Grapefruit Oil Supply Situation & Grapefruit Juice Contraindications.

Copyright © Tony Burfield May 2005.

Pre-amble.

Expressed grapefruit oil is produced from the rinds of the large fruits from cultivated grapefruit trees (Citrus paradisi Macfad.), and is basically a by-product of grapefruit juice concentrate manufacture. Distilled Grapefruit oil made by distilling the juice or pulp, is an even more minor oil, with little to recommend it organoleptically, being a mere shadow of the expressed product. Three broad types of grapefruit oils - white, and some pink and red - are all normally available commercially, as well as the relative newcomer: ‘sweetie’ grapefruit oil, developed by the Grapefruit Marketing Board in Israel. This latter fruit has been described as a cross between shaddock (grapefruit) & pumello (Citrus grandis), and the oil has been gaining favour in the last few years amongst the producers of citrus flavourings, not the least because it has been offered at 10% of the cost of Florida white grapefruit oil (Burfield 2005). The annual global production of all grapefruit oil of all types up to 2004 has been variously described at between 30 tons and 200 tons (!); but the principle use for the oil remains for the flavouring of citrus beverages. Fivefold grapefruit oil is also produced which has a lower limonene content, better keeping qualities and improved solubility in many food vehicles compared with the normal oil. The use of the bitter flavouring grapefruit extract material naringen is now contra-indicated in the diets of many people on a variety of medications (see below).

 

Grapefruit oils are pretty useful in perfumery and natural perfumery - but with the exception of sweetie oil, they are ten to fifteen times the price of orange oil sweet, and additionally have limited availability in commercial quantities, and so they tend to be used more in ‘high end’ perfumery. Uses include application in citrus cocktail fragrances where it blends well with other citrus notes, and in the citrus top notes of male fragrances. Grapefruit oil also blends well with spearmint and herbal notes, and interesting accords can be constructed between grapefruit oil and vetiver oil, and between grapefruit oil and olibanum absolute. The phototoxicity of grapefruit oil limits its use in perfumes to 4% for products not washed off the skin (IFRA Dec 1995; Opdyke 1974).

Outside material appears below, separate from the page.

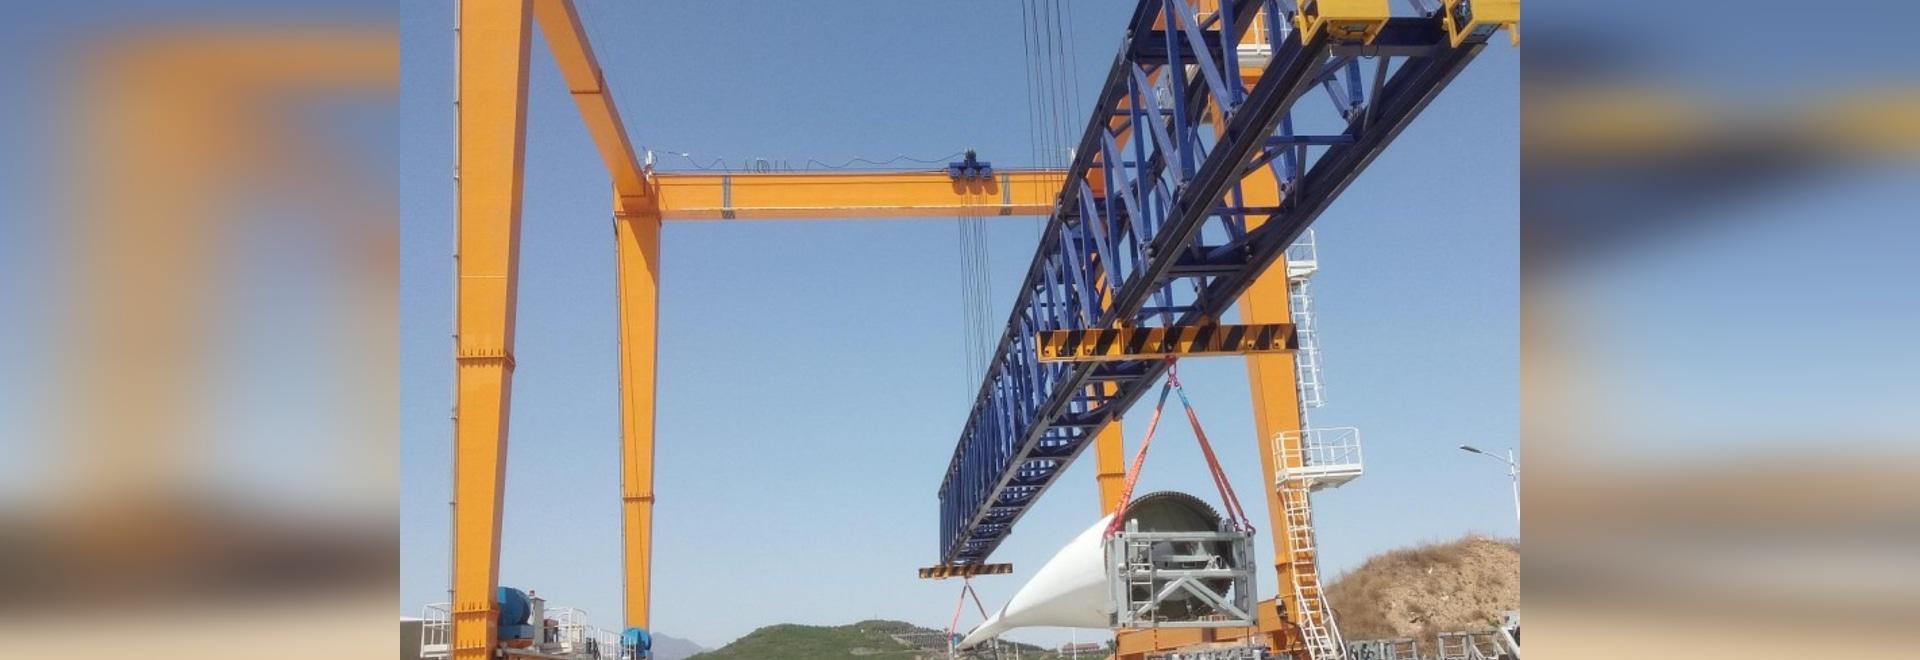 La carretilla puente para la cuchilla de elevación de la energía eólica

Uses of grapefruit oil in aromatherapy are perhaps more recent, possibly reflecting an increasing global consumption of grapefruit juice sales.  Shen et al. (2005) indicate that in rats, sniffing grapefruit oil affects the autonomic nerve, enhances lipolysis through a histaminergic response, and reduces appetite and body weight.

Supply situation

At a trade presentation meeting of the British Society of Perfumers (May 2005) one leading aroma company showed a synthetic grapefruit aroma compound to delegates on the basis that “grapefruit oil supplies would face another two difficult years”. The background to this has been (a) the price and availability of grapefruit oils and to a lesser extent (b) toxicity worries with grapefruit products - see below.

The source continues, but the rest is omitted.